**What needs to be done**
Skip every picture, and output exactly the lines starting at the one with "BTC/USD 1-week chart. Source: TradingView" and running through the last line of the material below.

**Collected data**
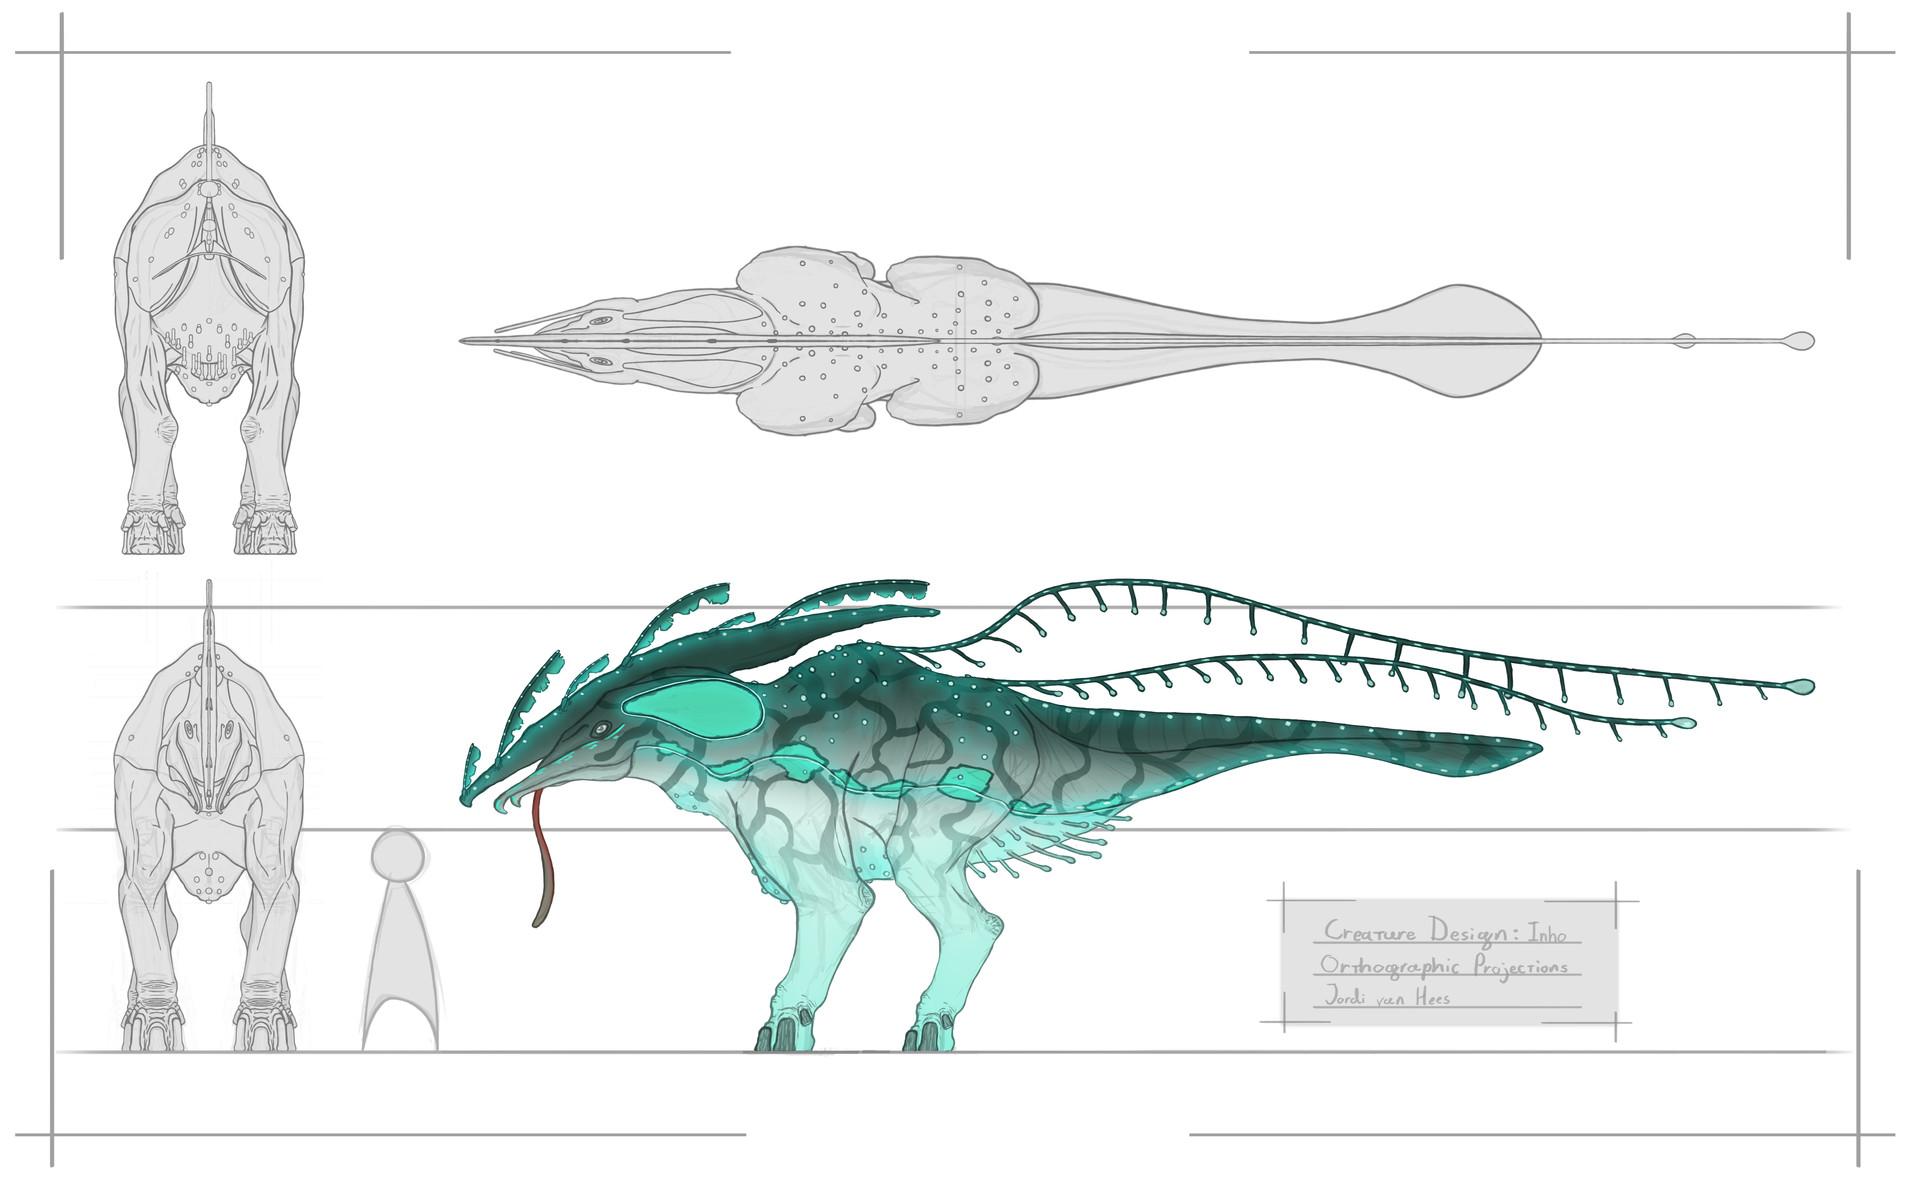 Jordi van hees concept art monster color ortho projection presentable done
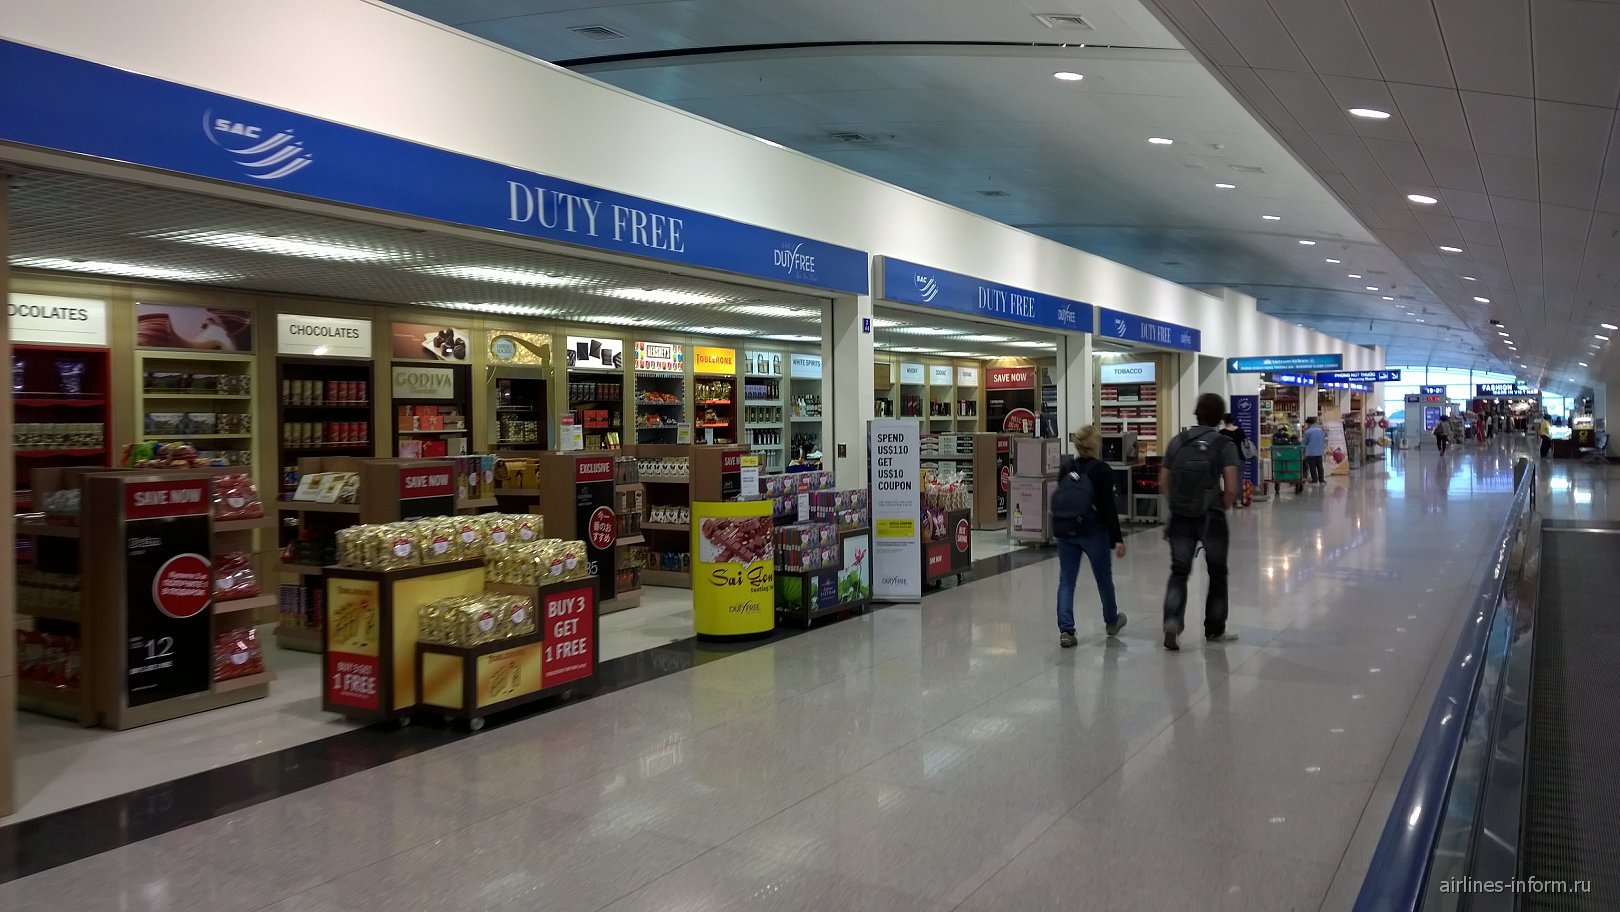 алерея магазинов в чистой зоне аэропорта Хошимин Тан Сон Нхат
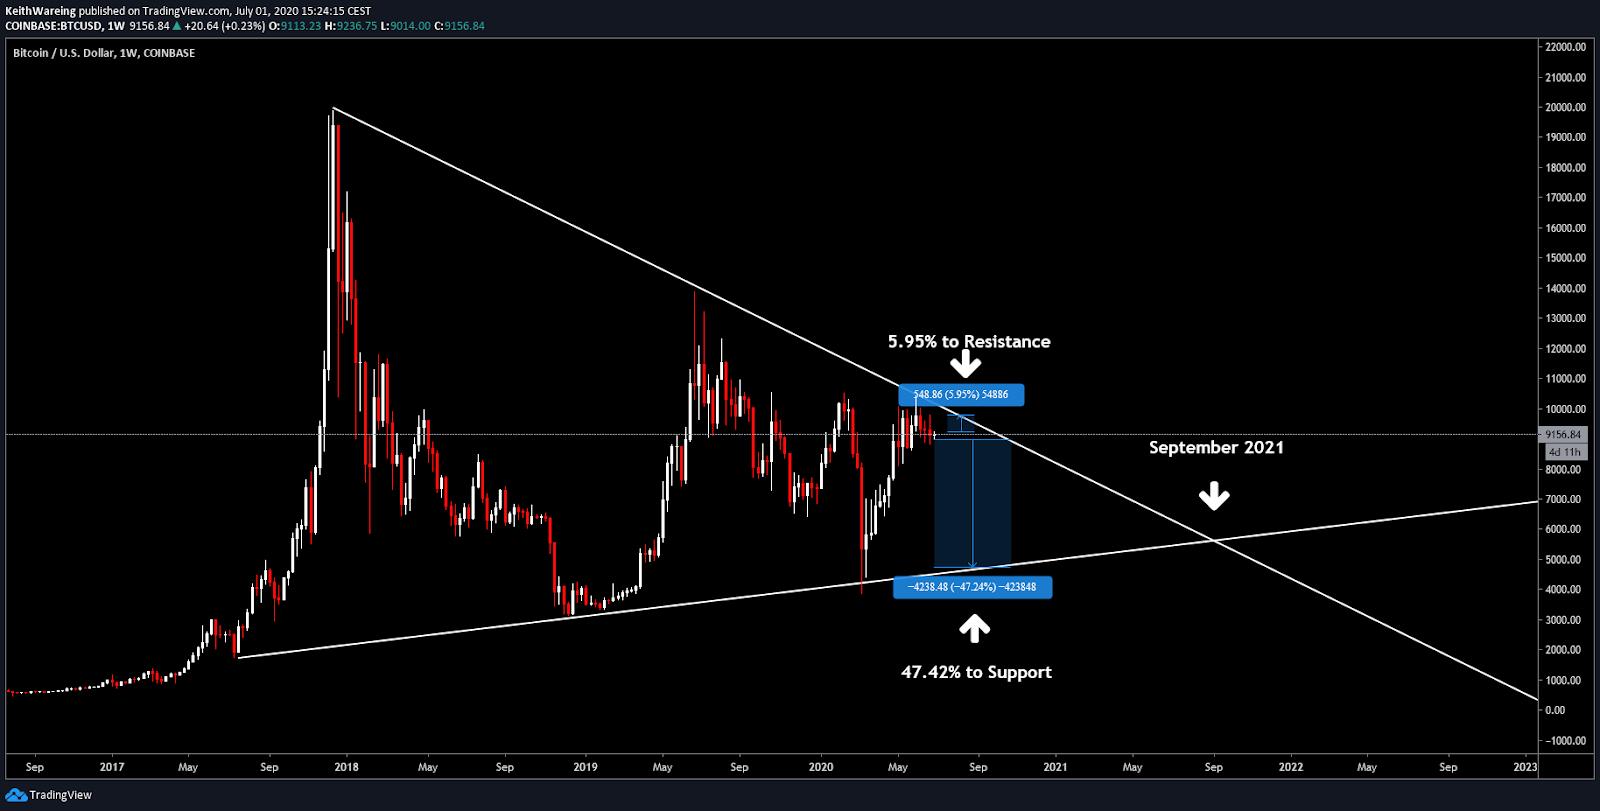 BTC/USD 1-week chart. Source: TradingView
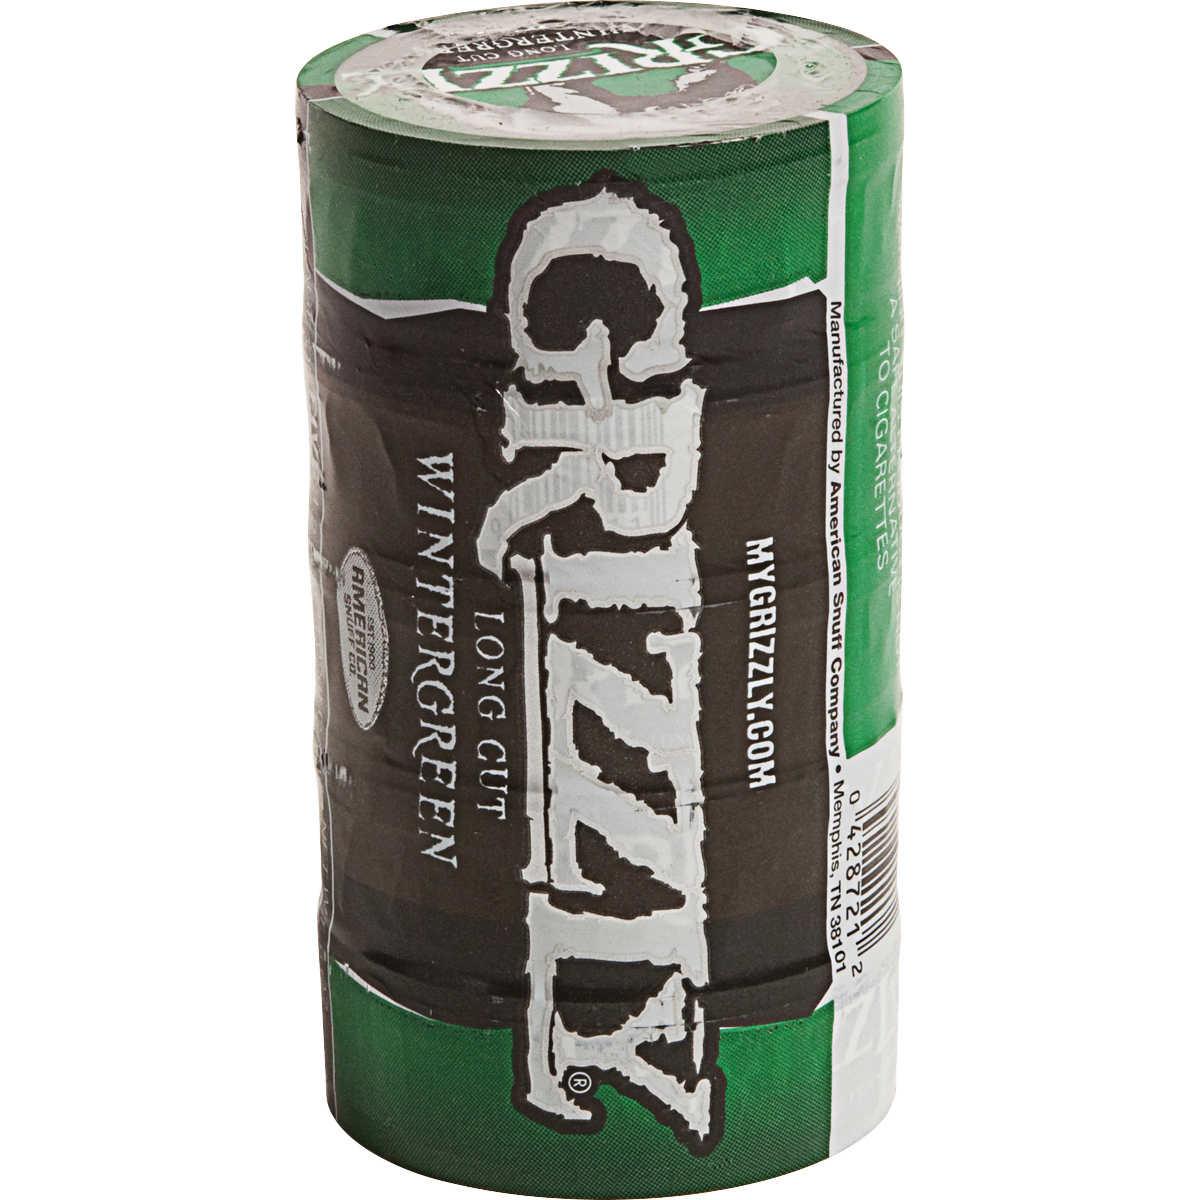 Grizzly Long Cut Smokeless Tobacco Wintergreen 1 2 Oz 5 Ct

**Output below**
 BTC/USD 1-week chart. Source: TradingView
 Grizzly Long Cut Smokeless Tobacco Wintergreen 1 2 Oz 5 Ct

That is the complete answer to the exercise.